Numerical simulation of oil production using surfactant-polymer flooding

Autors: 
Persova Marina G., Novosibirsk State Technical University
Soloveichik Yuri G., Novosibirsk State Technical University
Patrushev Ilya Igorevich, Novosibirsk State Technical University
Ovchinnikova Anastasia Sergeevna, Novosibirsk State Technical University
Abstract: 

The paper is devoted to the numerical modeling of oil field development using enhanced oil recovery technologies based on surfactant-polymer flooding. The proposed approach is aimed at assessing the possible efficiency and advisability of using surfactant-polymer flooding at the later stages of real fields development. A computational scheme for modeling three-phase multicomponent fluid flow in heterogeneous porous media, taking into account the formation of an emulsion phase, as a result of binding  water and oil due to surfactants influence, is described.

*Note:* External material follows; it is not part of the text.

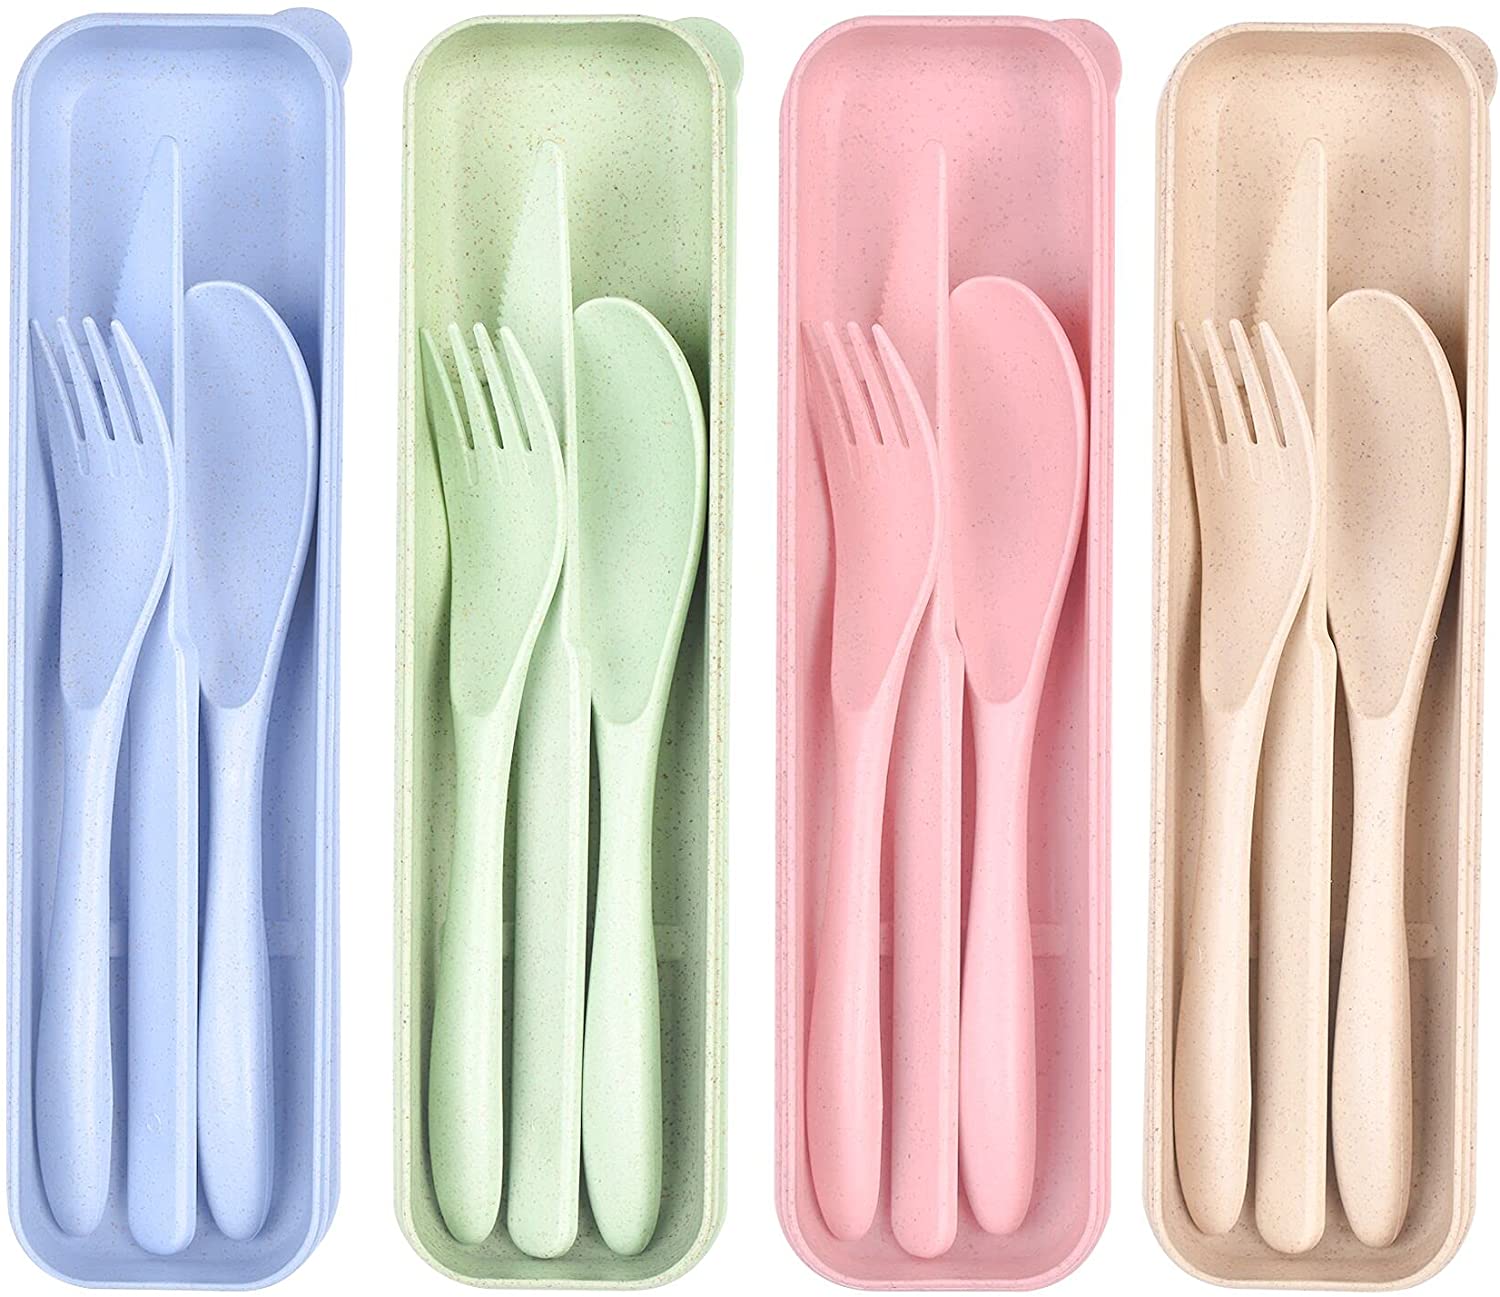 Picnic　Reusable　Knife　Case,　Use　or　Spoon　Sets　with　Straw　Friendly　for　Forks　Travel　Portable　Eco　Camping　Non-toxin　BPA　Free　Utensil　Travel　Daily　Set　Tableware,　Wheat　Cutlery

This computational scheme is constructed similarly to the principle of the well-known IMPEC scheme and based on an implicit calculation of pressure by the finite element method and an explicit phase transfer between the cells of the finite element mesh at each time step. This makes it possible to calculate the effect of surfactants in each cell of the mesh independently of other cells. The scheme provides for the modeling of chemical reactions taking into account their rates and the amount of reactants in the mesh cells. The effect of enhanced oil recovery is achieved due to higher mobility and lower residual saturation of the emerging emulsion phase in comparison with the oil phase. Numerical experiments were carried out on a model of a real field with a large number of active wells and a highly heterogeneous porous medium. Three methods of field development are compared: water injection, polymer flooding, and injection of a surfactant-polymer solution. The convergence of the numerical scheme is shown for space and time mesh refinement. Compared to two-phase two-component flow, the additional computational costs associated with the formation of the emulsion phase and its subsequent flow do not exceed 10%.

Acknowledgments: 
This work was supported by the Ministry of Science and Higher Education of the Russian Federation (project No. FSUN-2020-0012, development of computational scheme for modeling three-dimensional multiphase multicomponent flow) and by the Russian Foundation for Basic Research (project No.~20-31-90049, construction of a modeling scheme and study of the enhanced oil recovery method: surfactant-polymer flooding’).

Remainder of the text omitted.